Auch wenn man sich nichts zuschulden hat kommen lassen, kann man als Bürger das nicht wollen. Dass die Besorgnis wächst, die manche schon jetzt umtreibt, wird da greifbar. Das Verständnis für die, die den Computer am liebsten nicht mehr angreifen würden, nimmt zu. Helfen wird ihnen das freilich wenig, jedenfalls nicht in dem von ihnen gewünschten Maß. Denn den technischen Fortschritt wird man nicht aufhalten können. Schon jetzt sind auch bei uns hinter vorgehaltener Hand Erzählungen von ungeheuren Datenansammlungen bei den verschiedensten Behörden und Organisationen in Österreich zu hören, die einen erschaudern lassen. Und da geht es nicht nur um die Daten, die wir über unser Internet-Surfverhalten nolens volens der Wirtschaft und insbesondere dem Handel preisgeben. Und es geht auch nicht um die Daten, die wir über Kundenkarten freiwillig zur Verfügung stellen. Da geht es um ganze Bewegungs-und Verhaltensprofile, die einen nicht nur für die Wirtschaft zum Freiwild machen, sondern auch für Behörden.

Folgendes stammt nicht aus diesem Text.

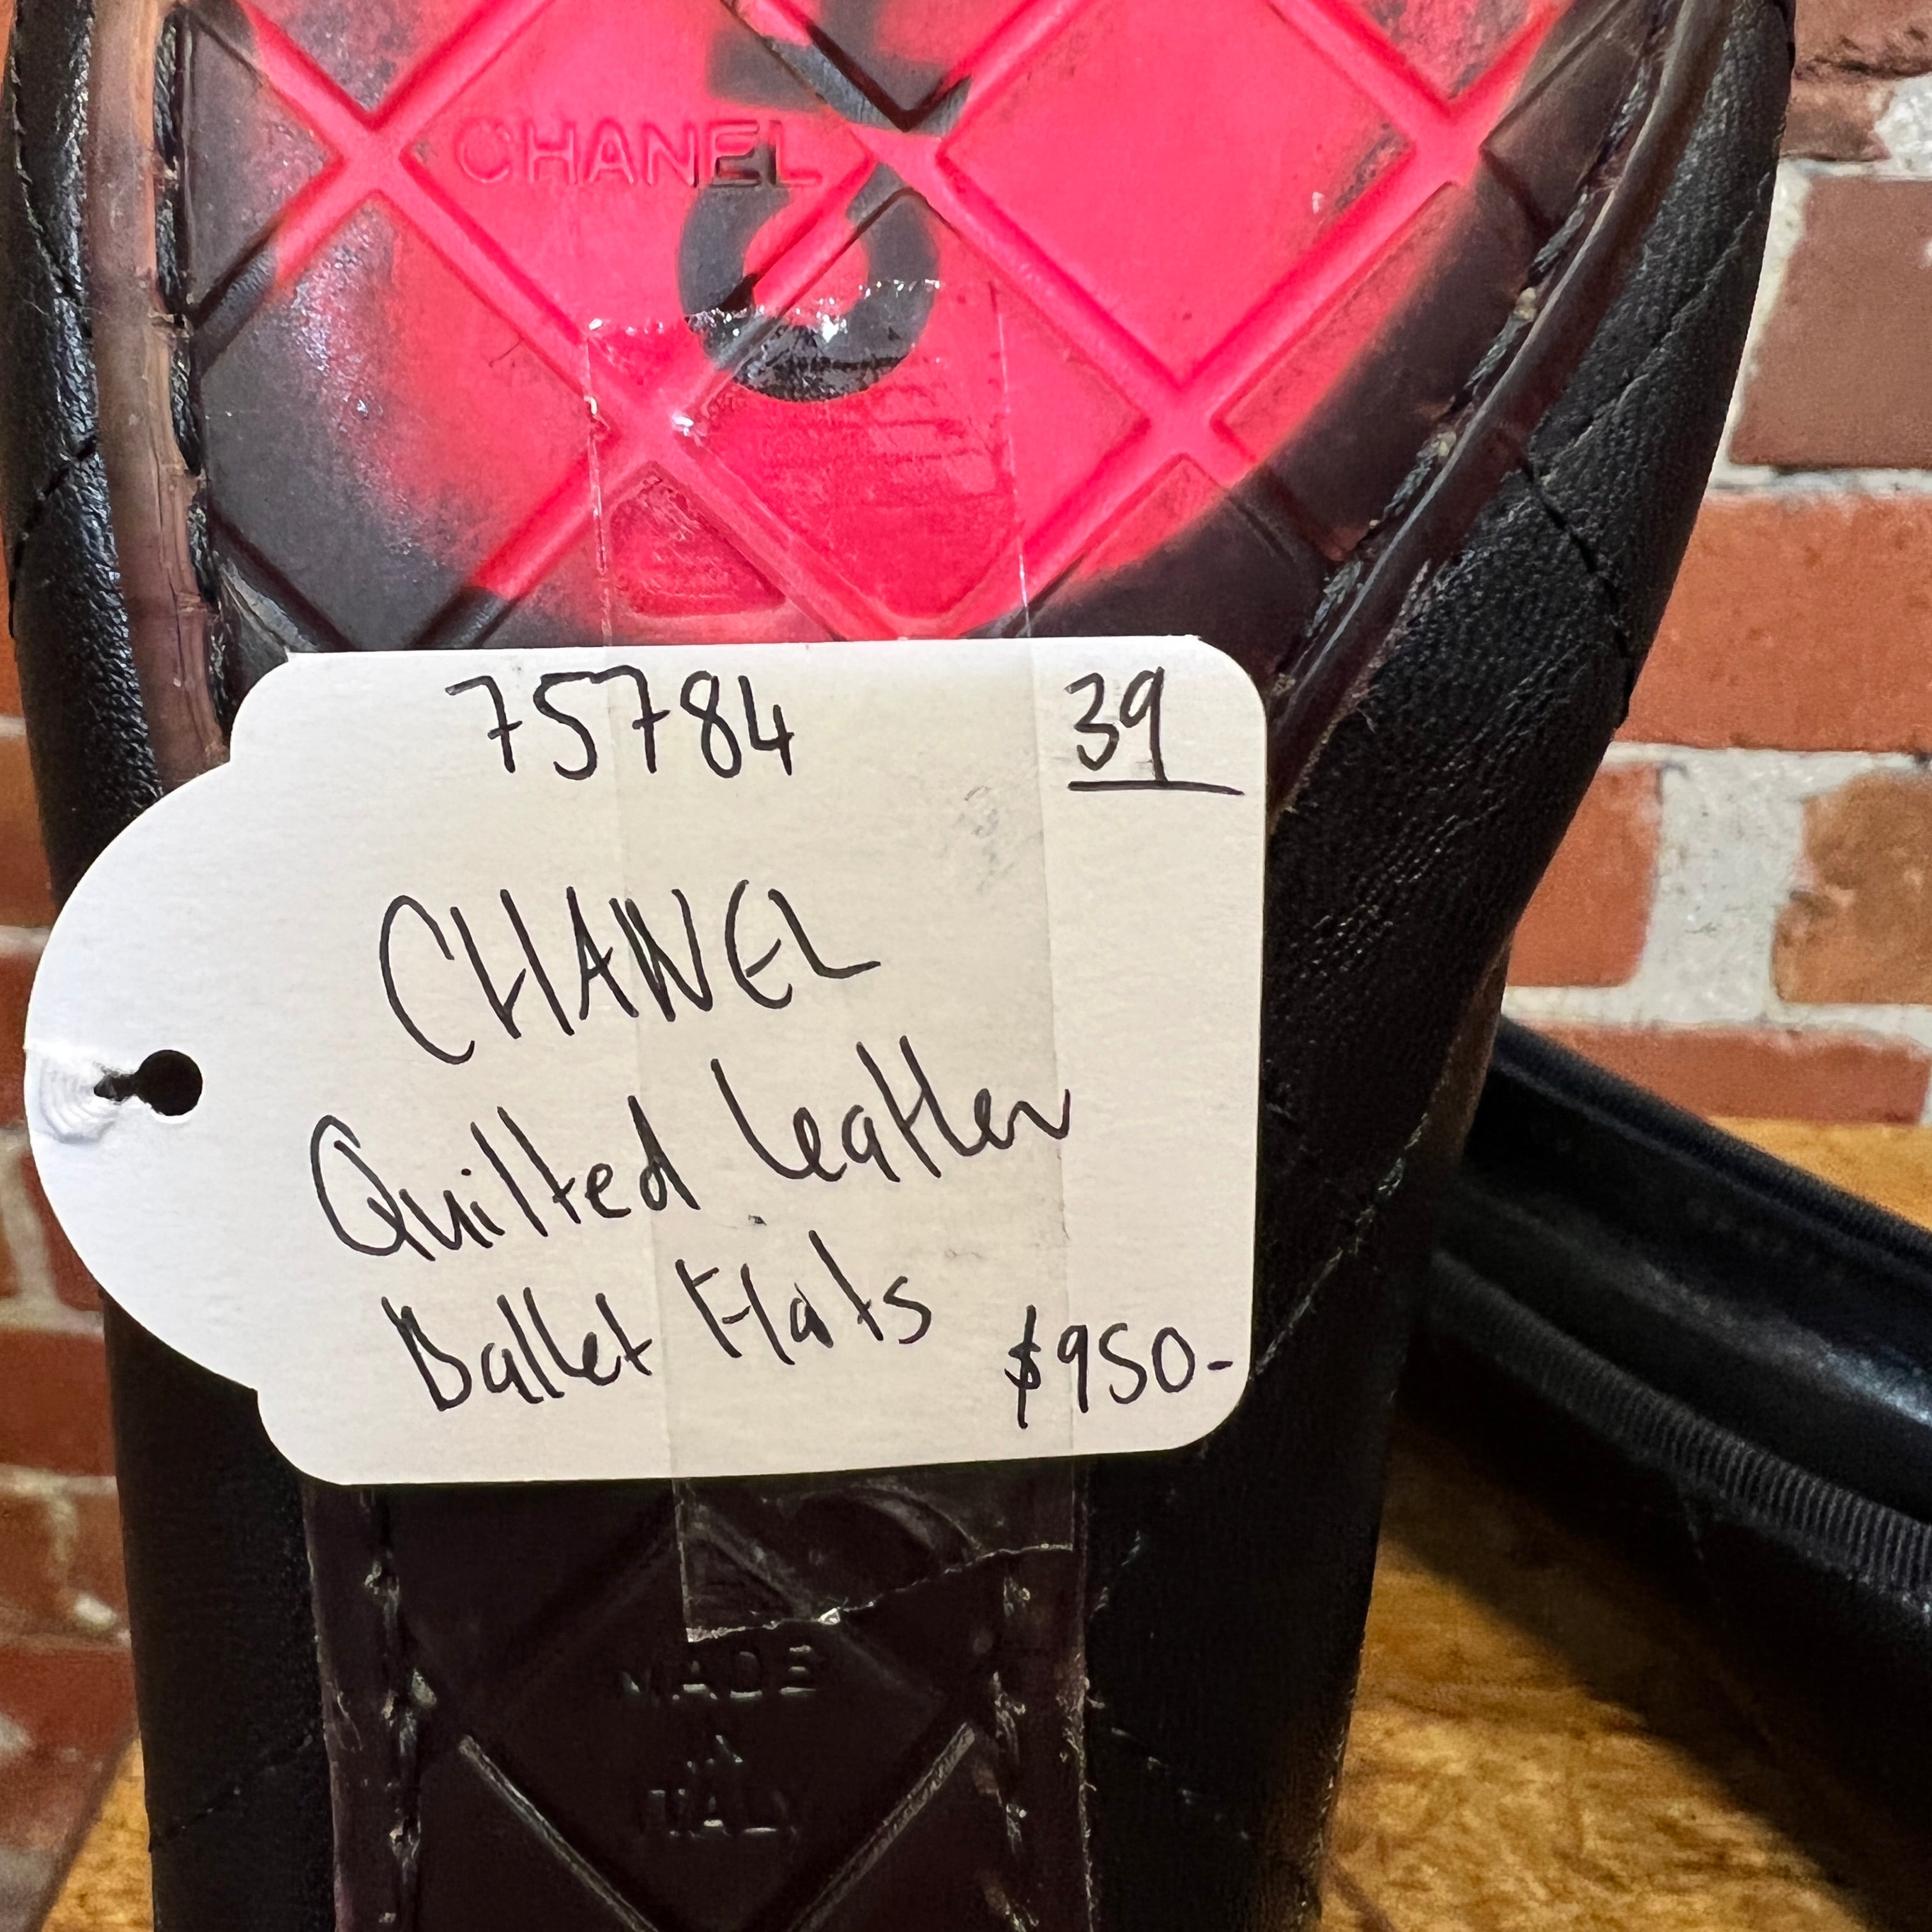 CHANEL Quilted leather ballet flats 39

Weil man als Nutzer völlig ausgeliefert ist, ist ein sorgsamer Umgang mit den technischen Möglichkeiten vor allem von der Politik einzufordern. Sie muss sichere Rahmenbedingungen schaffen und trägt die Verantwortung dafür, dass kein Missbrauch getrieben wird. Auch nicht in dem Umfeld, für das man unmittelbar verantwortlich ist, in den Ämtern und Behörden. Auch wenn die Versuchung angesichts der Möglichkeiten, die sich bieten, noch so groß sein mag. Und auch wenn sich Erklärungen und Rechtfertigungen noch so leicht und vielleicht auch vordergründig-schlüssig anbieten mögen.

Daran ist auch unsere jetzige Regierung zu messen. Auch wenn es angesichts verschiedener Äußerungen schwerfallen mag.